WORK ITEM: The required output is the lines below from the line containing "Belyiy sokol slide, Image 130" to the line containing "5 Film Ini Buktikan", inclusive, retyped exactly. No other lines belong in it.

INPUT DATA:

= Beginning of Section =

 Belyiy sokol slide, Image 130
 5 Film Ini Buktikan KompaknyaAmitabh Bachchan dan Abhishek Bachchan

= End of Section =
= Beginning of Section =

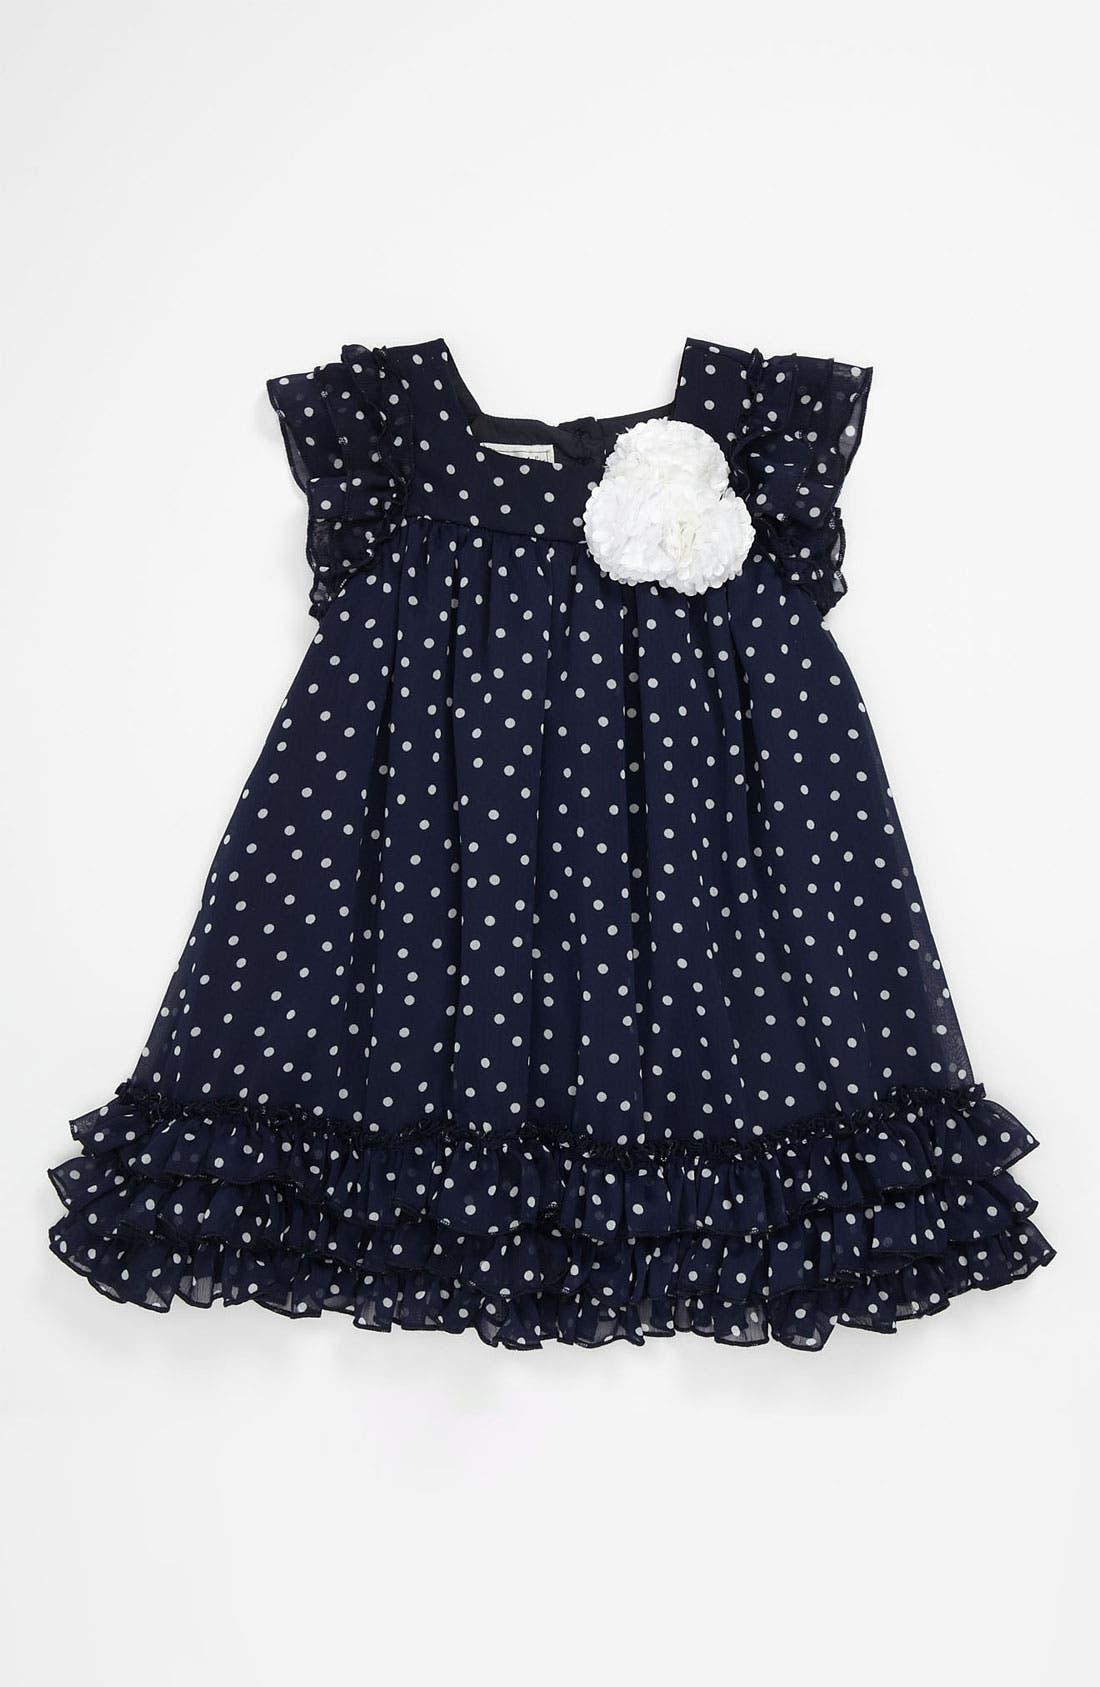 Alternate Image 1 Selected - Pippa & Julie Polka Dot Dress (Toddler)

= End of Section =

RESULT BELOW:
 Belyiy sokol slide, Image 130
 5 Film Ini Buktikan KompaknyaAmitabh Bachchan dan Abhishek Bachchan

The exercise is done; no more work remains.